Une émission à écouter jusqu'au bout avec le grand Souleymane Bachir Diagne et notre comédien, Georges Claisse, enregistrée au Salon du Livre, mais aussi une archive surprise en finale.

Adèle Van Reeth et Souleymane Bachir Diagne au salon du Livre Paris
Adèle Van Reeth et Souleymane Bachir Diagne au salon du Livre Paris Crédits : GMS - Radio France

Bergson postcolonial ? Oui ! Découvrez comment Leopold Sedar Senghor et Mohammed Iqbal se sont inspirés de sa pensée et ont transformé l'élan vital en passion politique.

Le texte du jour

« Bien des ouvrages ont paru sur l’âme nègre. Elle demeure forêt mystérieuse sous le vol des avions. (…) C’est d’un confusionnisme tout rationaliste d’expliquer le Nègre par son utilitarisme, quand il est pratique ; par son matérialisme, quand il est sensuel.
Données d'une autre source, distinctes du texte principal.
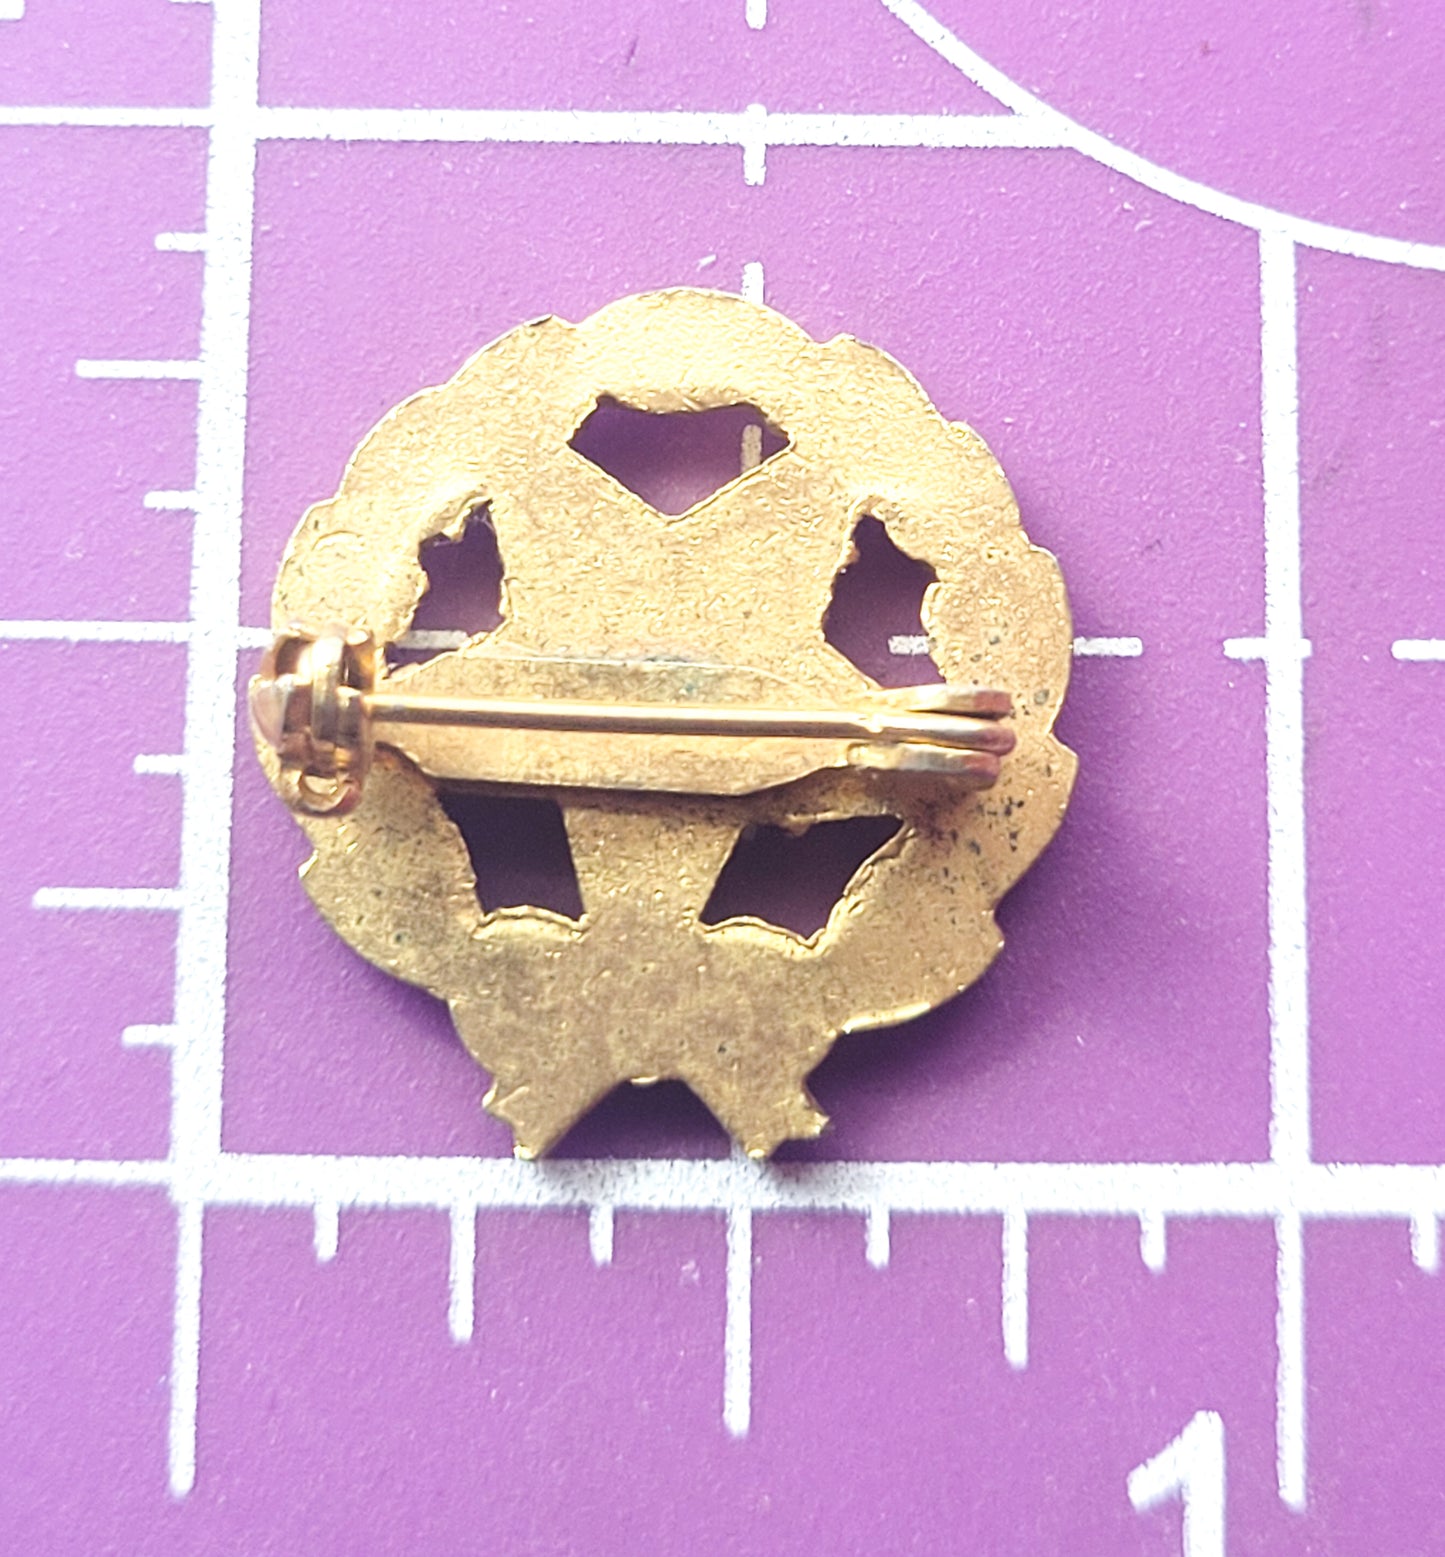 Order of the Eastern Star Masonic gold tone enamel 25 year vintage brooch

Veut-on comprendre son âme ? Faisons-nous une sensibilité comme la sienne. Sans littérature entre le sujet et l’objet, sans imagination au sens courant du mot, sans sujet ni objet. Que les couleurs ne perdent rien de leur intensité, les formes rien de leurs poids ni de leur volume, les sons rien de leur singularité charnelle… Jusqu’aux rythmes imperceptibles apparemment, à toutes les sollicitations du monde, le corps nègre, l’âme nègre sont perméables. Pas à celles du cosmos seulement. Sensibilité morale aussi. C’est un fait noté souvent que le Nègre est sensible aux paroles et aux idées, encore qu’il le soit singulièrement aux qualités sensibles – dirais-je sensuelles ?- de la parole, aux qualités spirituelles, non intellectuelles, des idées. (…)

Sensibilité émotive. L’émotion est nègre, comme la raison hellène. Eau que rident tous les souffles ? « Âme de plein air », battue des vents et d’où le fruit souvent tombe avant maturité ? Oui, en un sens. Le Nègre aujourd’hui est plus riche de dons que d’œuvres. Mais l’arbre plonge ses racines loin dans la terre, le fleuve coule profond, charriant des paillettes précieuses. (…)

La nature même de l’émotion, de la sensibilité du Nègre, explique l’attitude de celui-ci devant l’objet, perçu avec une telle violence essentielle. C’est un abandon qui devient besoin, attitude active de communion ; voire d’identification, pour peu que soit forte l’action, j’allais dire la personnalité de l’objet. Attitude rythmique. Que l’on retienne le mot. »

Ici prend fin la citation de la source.